►

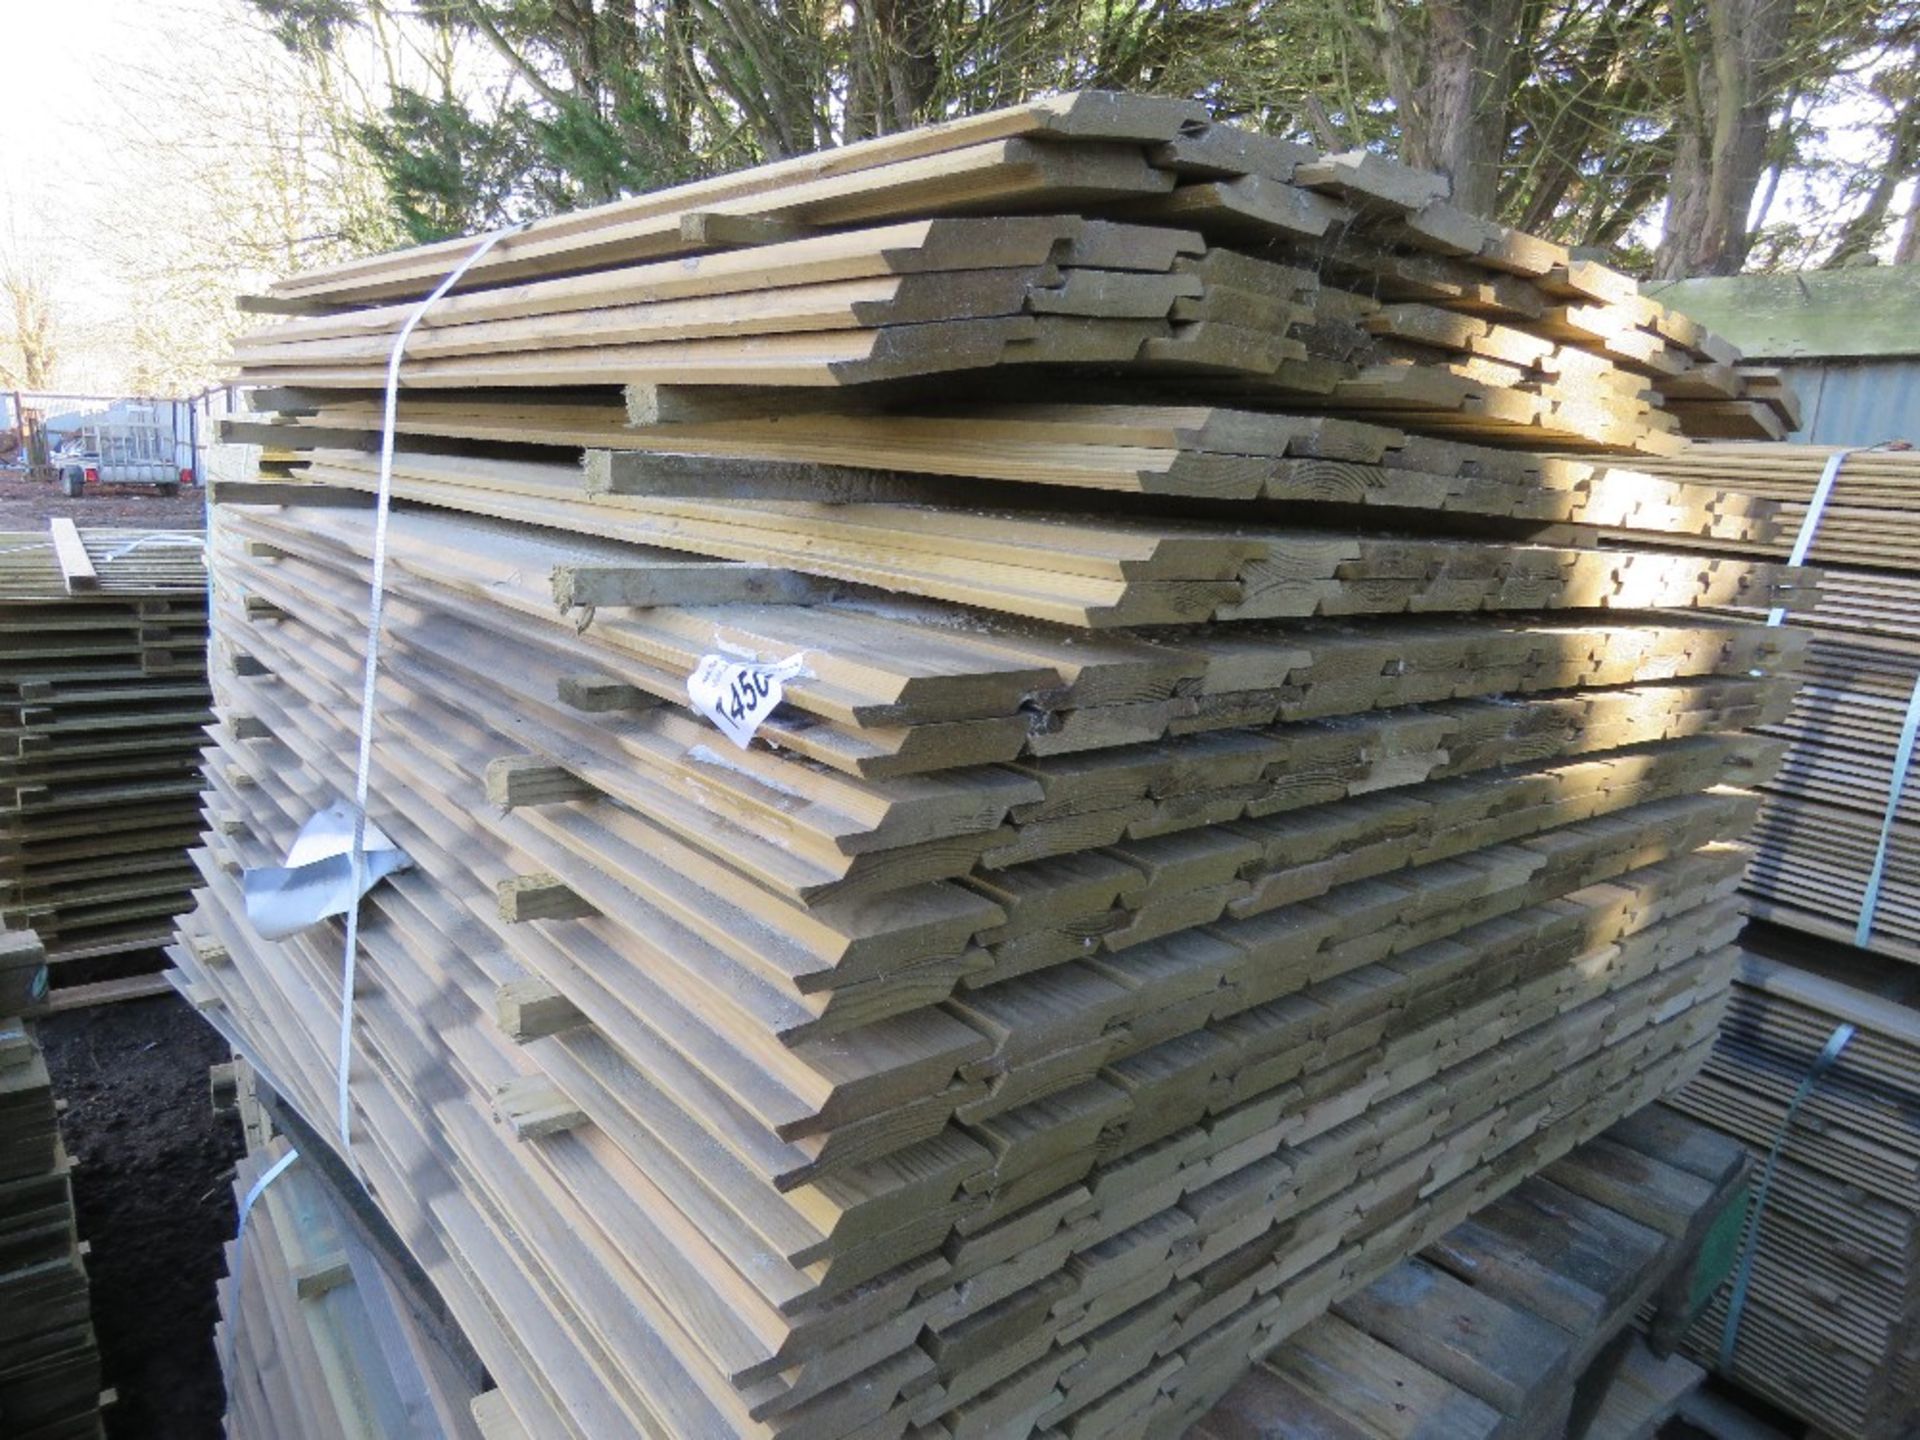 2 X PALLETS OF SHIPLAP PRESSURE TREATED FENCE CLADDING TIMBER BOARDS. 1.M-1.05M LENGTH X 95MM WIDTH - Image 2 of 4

◄
►

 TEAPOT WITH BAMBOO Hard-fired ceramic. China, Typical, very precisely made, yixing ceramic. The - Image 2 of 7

◄
►

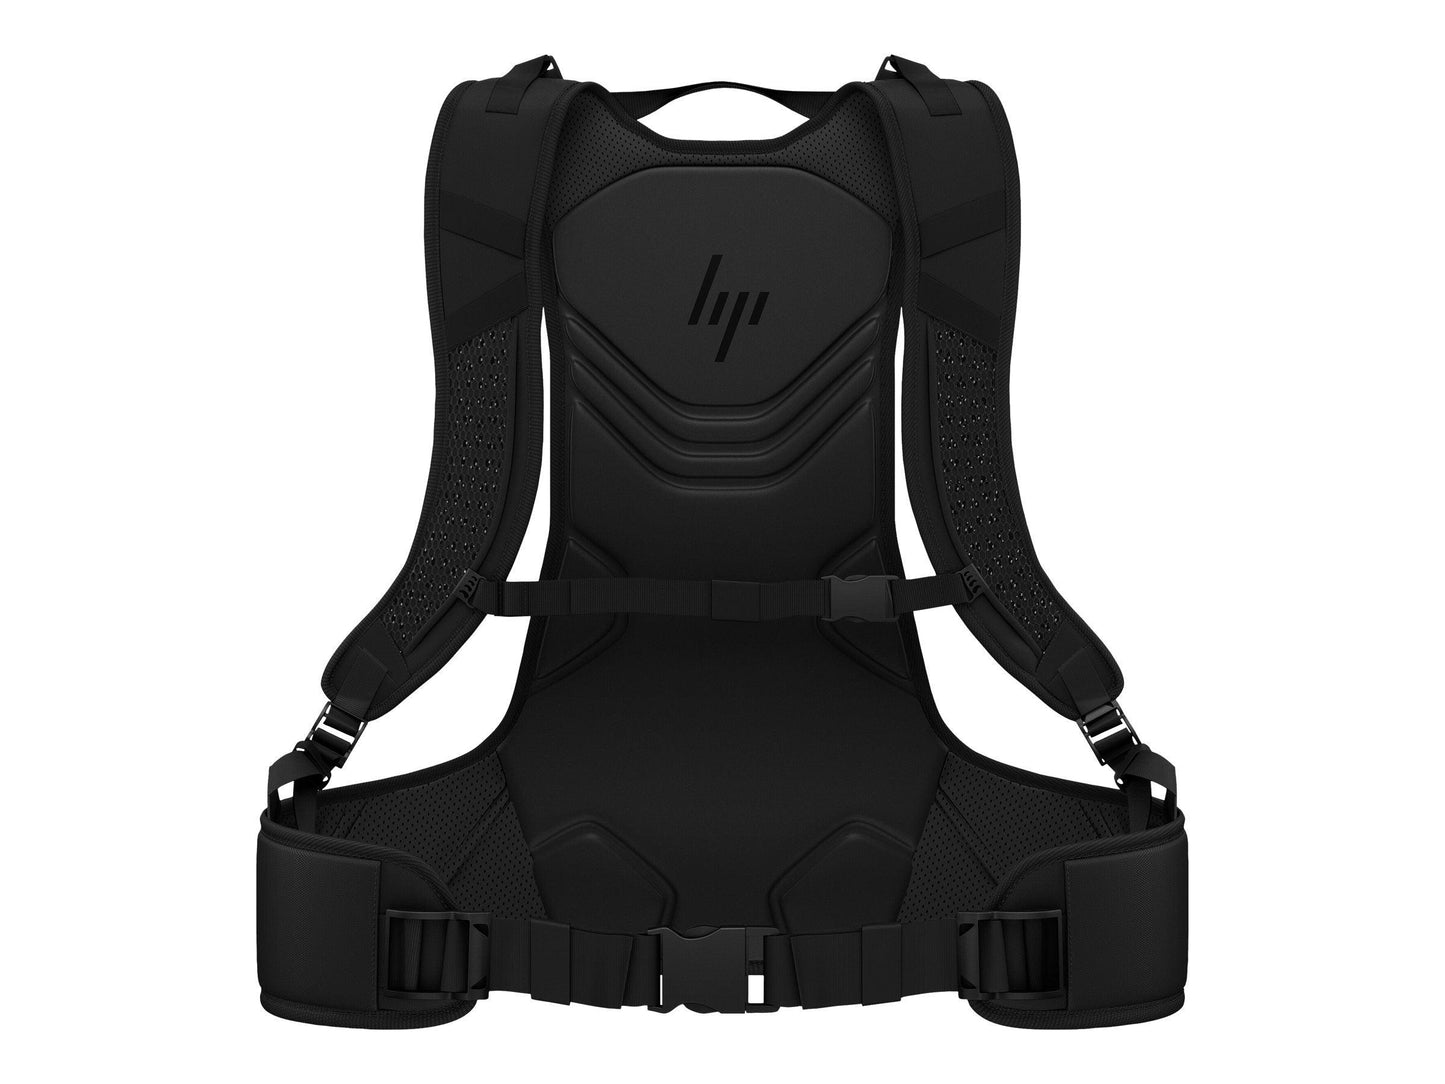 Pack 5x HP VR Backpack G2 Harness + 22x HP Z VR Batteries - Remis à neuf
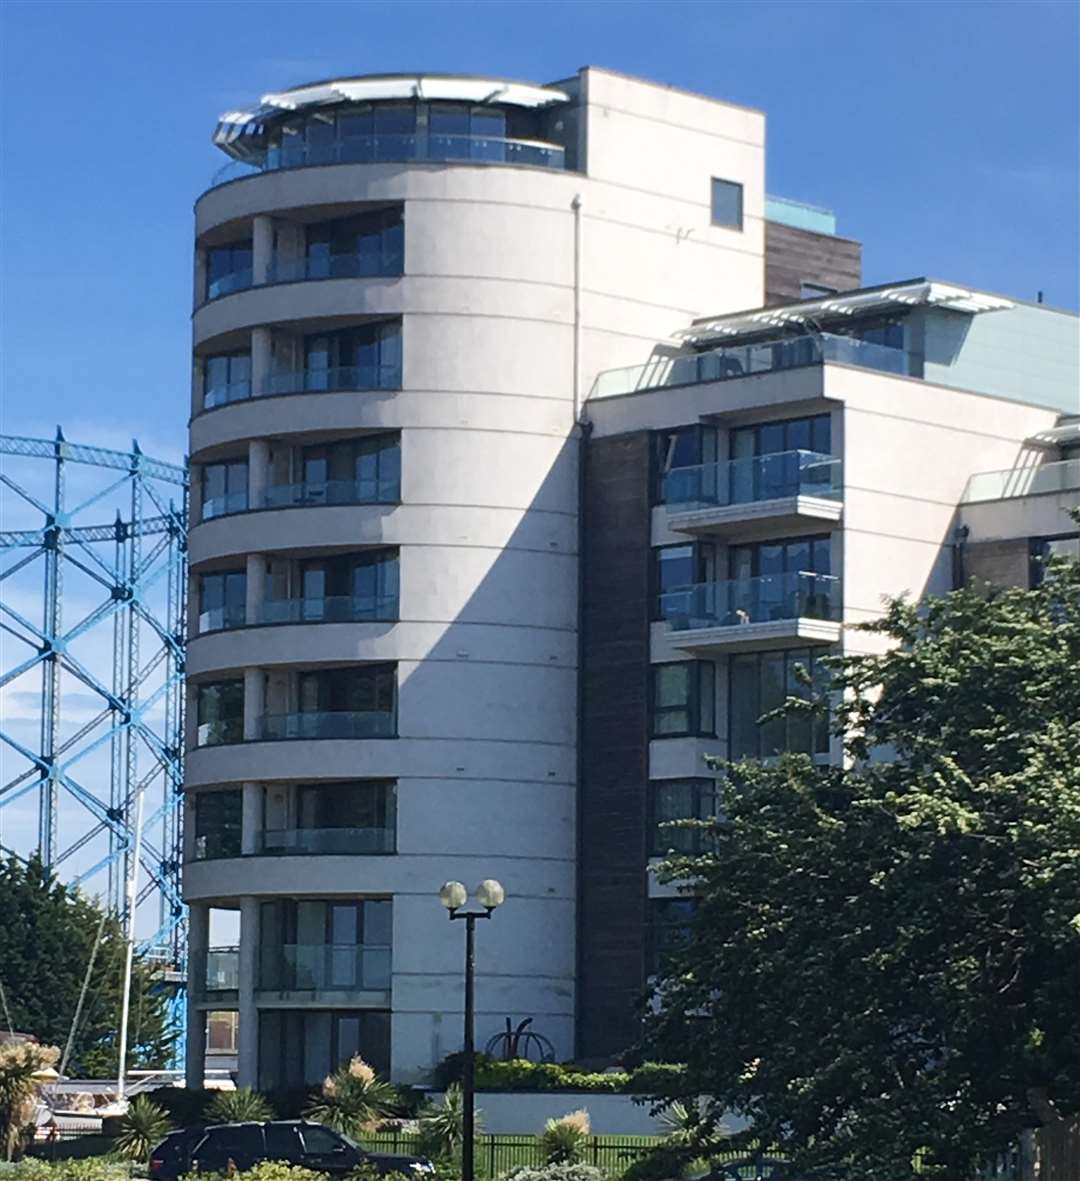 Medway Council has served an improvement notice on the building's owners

◄

**EXERCISE BRIEF**: What to print is the stretch of entries from the line with "Pack 5x HP VR" up to and including the line with "Medway Council has". Please print it exactly and leave out the pictures.

**ANSWER SECTION**:
 Pack 5x HP VR Backpack G2 Harness + 22x HP Z VR Batteries - Remis à neuf
 Medway Council has served an improvement notice on the building's owners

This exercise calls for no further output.